# Support Vector Machine (SVM)

### Chapter 1 foundation of SVM

Suppose we have an optimization problem:
$$
\begin{aligned}
\min_{\bm{x}}f(\bm{x}) \\
s.t. \quad & h_{i}(\bm{x})\leq 0, &i=1,2,\cdots,m \\
     \quad & g_{j}(\bm{x})=0,     &j=1,2,\cdots,n
\end{aligned}
$$
where $f(\bm{x})$ is the objective function, $h_{i}(\bm{x})$ are inequality constraints, $g_{j}(\bm{x})$ are equality constraints.<br>
This optimization problem is called **primal problem**. The Lagrange function is:
$$
L(\bm{x},\bm{\lambda},\bm{\mu})=f(\bm{x})+\sum_{i=1}^{m}\lambda_{i}h_{i}(\bm{x})+\sum_{j=1}^{n}\mu_{j}g_{j}(\bm{x})
$$
where $\lambda_{i}$ and $\mu_{j}$ are Lagrange multipliers.<br>

Define the **Lagrange dual function** $\Gamma(\bm{\lambda},\bm{\mu}) $ as:
$$\begin{aligned}
&\Gamma(\bm{\lambda},\bm{\mu})=\inf_{\bm{x}\in \Psi}L(\bm{x},\bm{\lambda},\bm{\mu}) \\
= &\inf_{\bm{x}\in \Psi}\{ f(\bm{x})+\sum_{i=1}^{m}\lambda_{i}h_{i}(\bm{x})+\sum_{j=1}^{n}\mu_{j}g_{j}(\bm{x}) \}
\end{aligned}$$
where $\Psi$ is the feasible set of primal problem and $\bm{\lambda}\geq 0$.<br>
$$
\begin{aligned}
&\because \lambda_{i}\geq 0,\quad h_{i}(\bm{x})\leq 0, \quad g_{i}(\bm{x})=0 \\
&\therefore \sum_{i=1}^{m}\lambda_{i}h_{i}(\bm{x})+\sum_{j=1}^{n}\mu_{j}g_{j}(\bm{x})\leq 0\\
&\therefore \Gamma(\bm{\lambda},\bm{\mu})\leq L(\bm{x},\bm{\lambda},\bm{\mu}) \leq f(\bm{x})\\
&\therefore \forall \bm{\lambda}\geq 0,\bm{\mu},& \\
&\quad \quad\Gamma(\bm{\lambda},\bm{\mu})\leq p^{*}\equiv \min_{\bm{x}}f(\bm{x})
\end{aligned}
$$
where $p^{*}$ is the optimal value of primal problem.<br>
From the above, we can get the **Lagrange dual problem**:
$$
\begin{aligned}
\max_{\bm{\lambda},\bm{\mu}}\quad &\Gamma(\bm{\lambda},\bm{\mu}) \\
s.t. \quad &\bm{\lambda}\geq 0
\end{aligned}
$$
The optimal value of dual problem is $d^{*}$, and $d^{*}\leq p^{*}$.

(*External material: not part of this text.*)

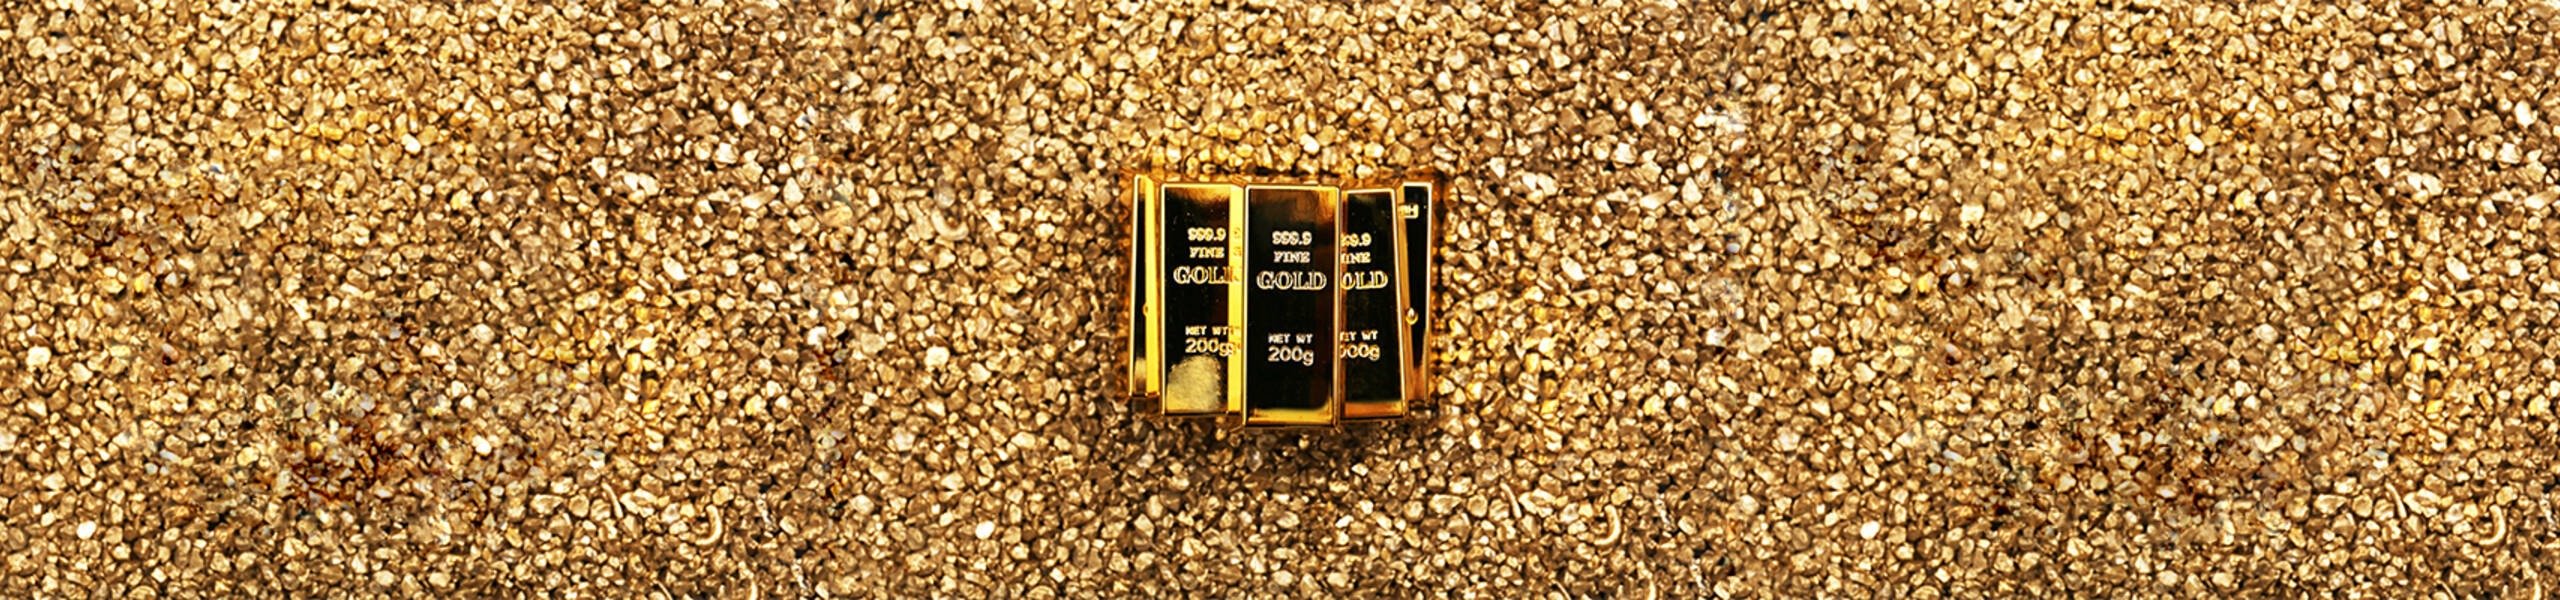 Los precios del Oro ganan terreno tras eventos políticos en EE.UU

If $d^{*}=p^{*}$, we say the strong duality holds. If $d^{*}<p^{*}$, we say the weak duality holds.<br>
KKT(Karush-Kuhn-Tucker) conditions:
$$
\begin{aligned}
&\nabla_{\bm{x}}L(\bm{x}^{*},\bm{\lambda}^{*},\bm{\mu}^{*})=0 \\ 
& \lambda_{i}^{*}h_{i}(\bm{x}^{*})=0 \\
&h_{i}(\bm{x}^{*})\leq 0, g_{j}(\bm{x}^{*})=0 \\
&\lambda_{i}^{*}\geq 0
\end{aligned}
$$
where $\bm{x}^{*}$ is the optimal solution of primal problem, $\bm{\lambda}^{*}$ is the optimal solution of dual problem.<br>

Proof:
$$
\begin{aligned}
&\text{If strong dualily holds. Then} \\
&f(\bm{x}^{*})=d^{*}=\Gamma(\bm{\lambda}^{*},\bm{\mu}^{*}) \\
&=\inf_{\bm{x}\in \Psi}\{ f(\bm{x})+\sum_{i=1}^{m}\lambda_{i}^{*}h_{i}(\bm{x})+\sum_{j=1}^{n}\mu_{j}^{*}g_{j}(\bm{x}) \}\\
&\leq f(\bm{x}^{*})+\sum_{i=1}^{m}\lambda_{i}^{*}h_{i}(\bm{x}^{*})+\sum_{j=1}^{n}\mu_{j}^{*}g_{j}(\bm{x}^{*}) \\
&\leq f(\bm{x}^{*})
\end{aligned}
$$
From the first inequality we obtain the first KKT condition $\nabla_{\bm{x}}L(\bm{x}^{*},\bm{\lambda}^{*},\bm{\mu}^{*})=0$. From the second inequality we obtain the second KKT condition $\lambda_{i}^{*}h_{i}(\bm{x}^{*})=0 $, which is called complementary slackness. The third KKT condition comes from constraints of the prime problem. The fourth KKT condition comes from the constraints of the dual problem.<br>